**TASK INSTRUCTIONS:** Only the lines below between the one holding "Greek Style House old" and the one holding "139-WEB-Jonathan-Kuhn-Photography-Alexa-Ahmed-Wedding-7436.jpg", inclusive, are to be reproduced word for word; the pictures are to be left out.

**SOURCE MATERIAL:**
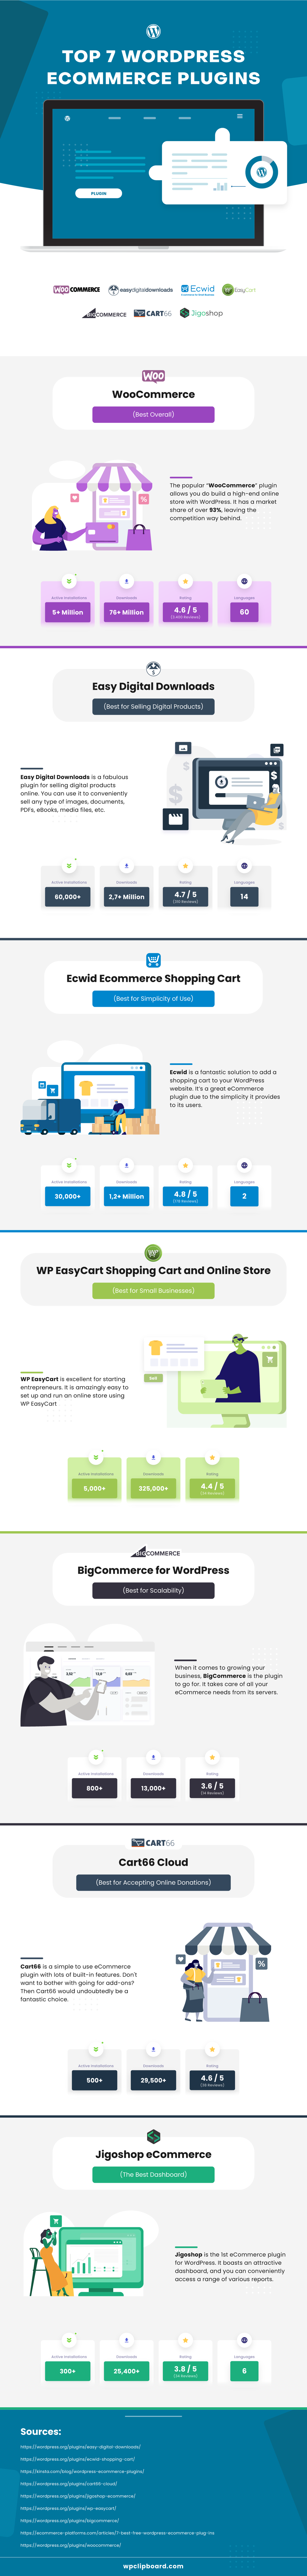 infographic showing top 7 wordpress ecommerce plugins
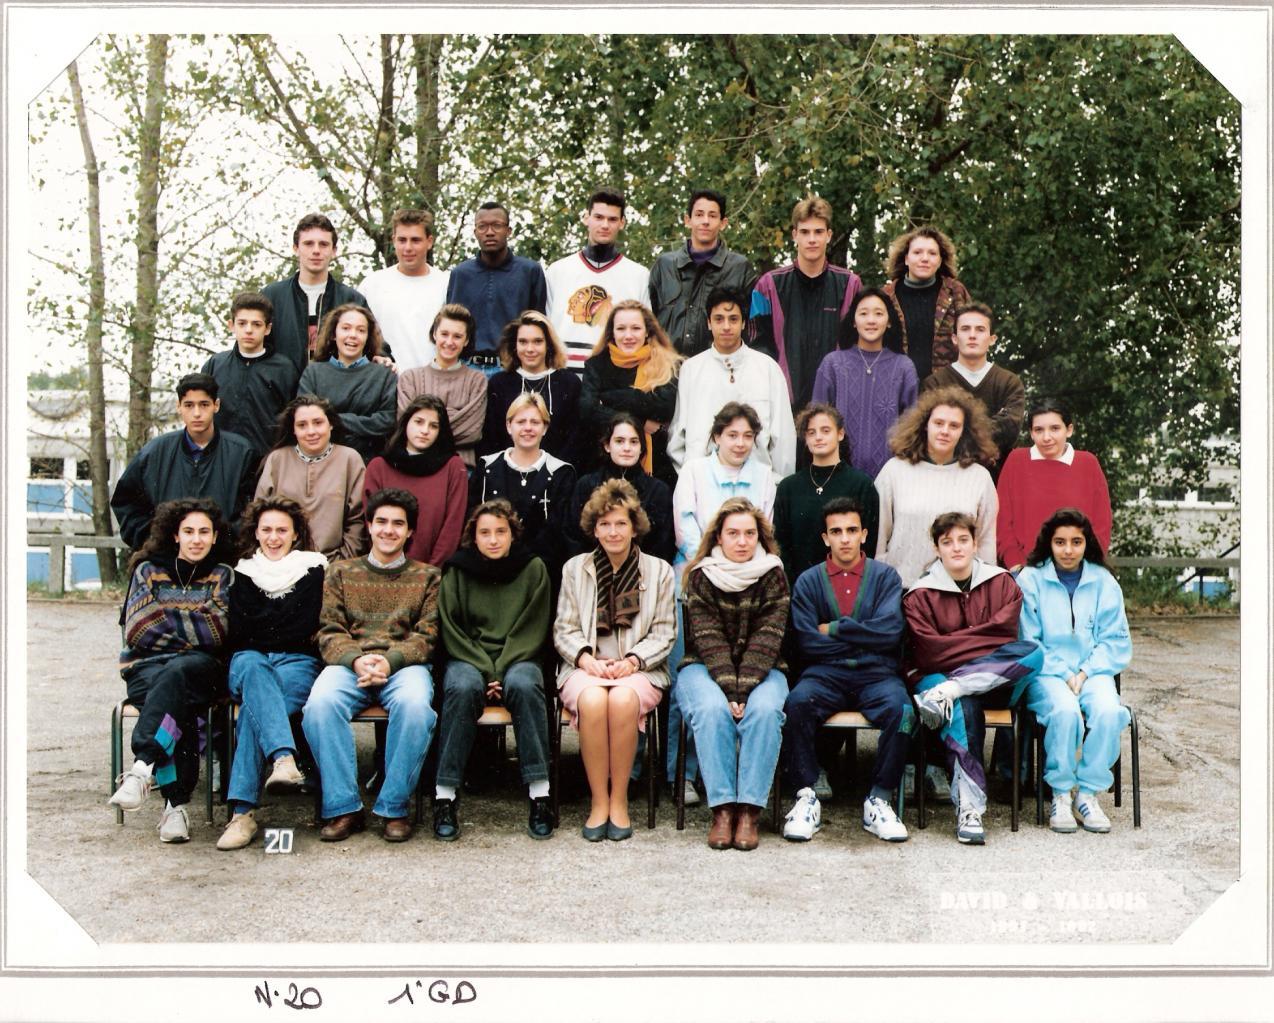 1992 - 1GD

---

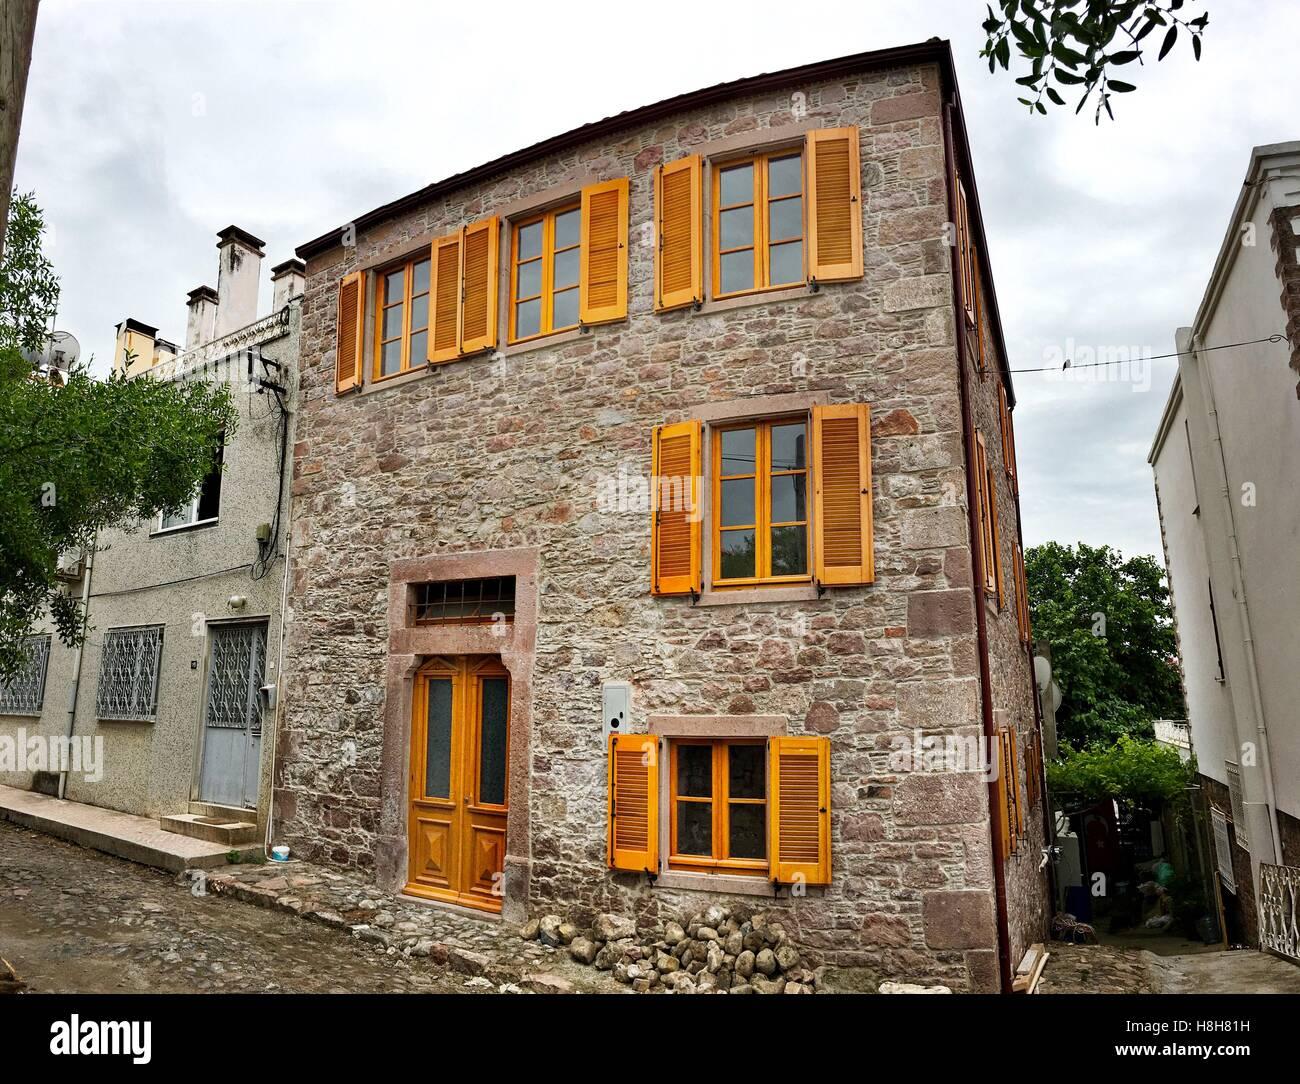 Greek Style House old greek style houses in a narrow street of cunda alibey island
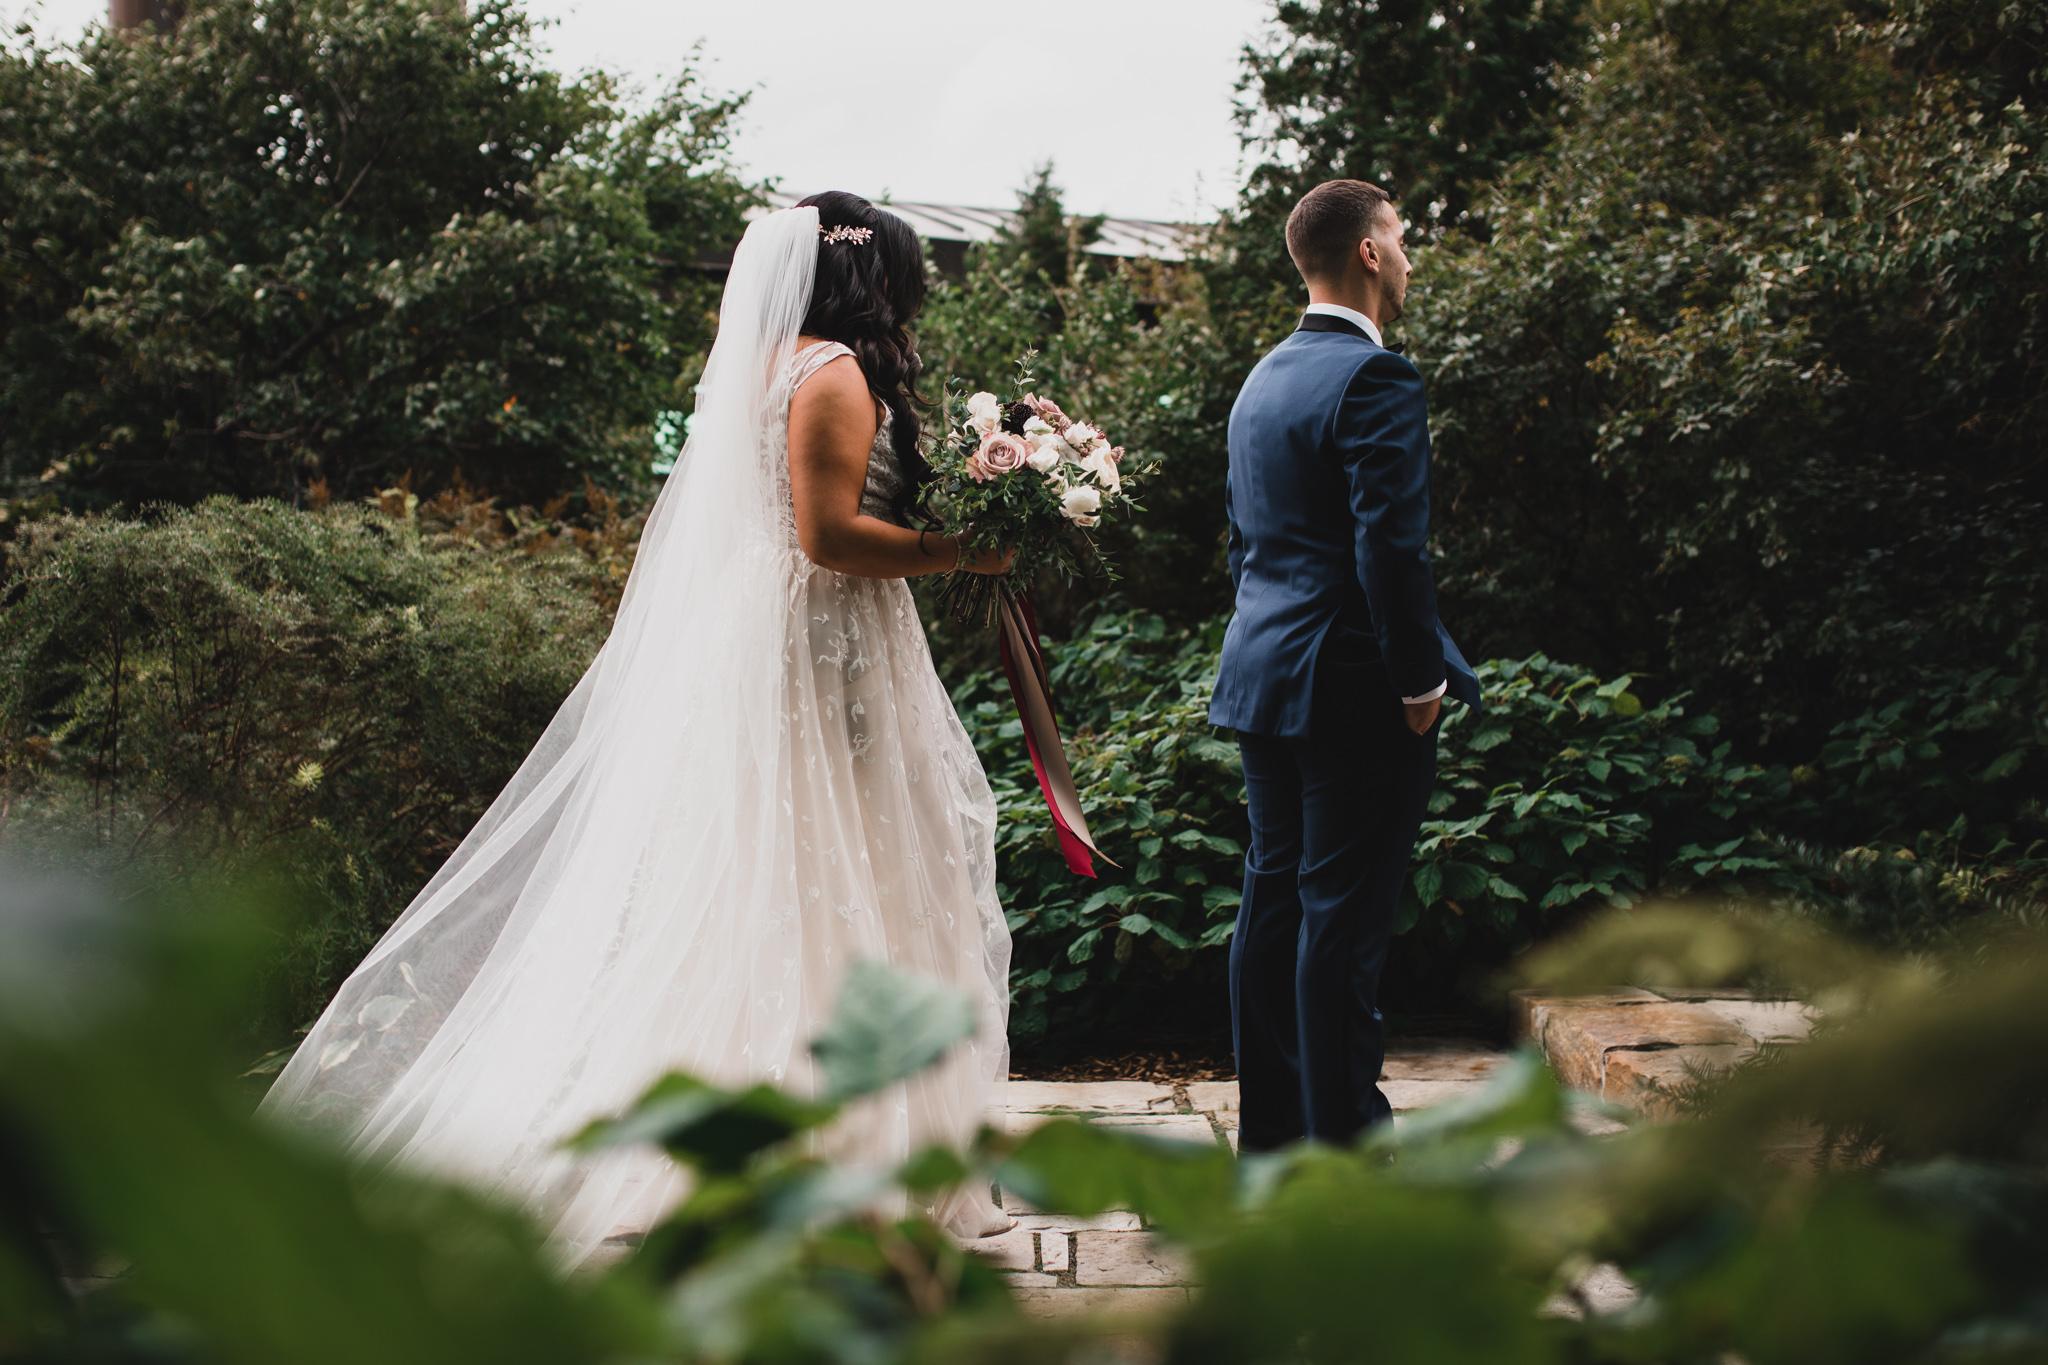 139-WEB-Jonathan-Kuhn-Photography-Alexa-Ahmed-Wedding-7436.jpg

**FINISHED EXERCISE:**
 Greek Style House old greek style houses in a narrow street of cunda alibey island
 139-WEB-Jonathan-Kuhn-Photography-Alexa-Ahmed-Wedding-7436.jpg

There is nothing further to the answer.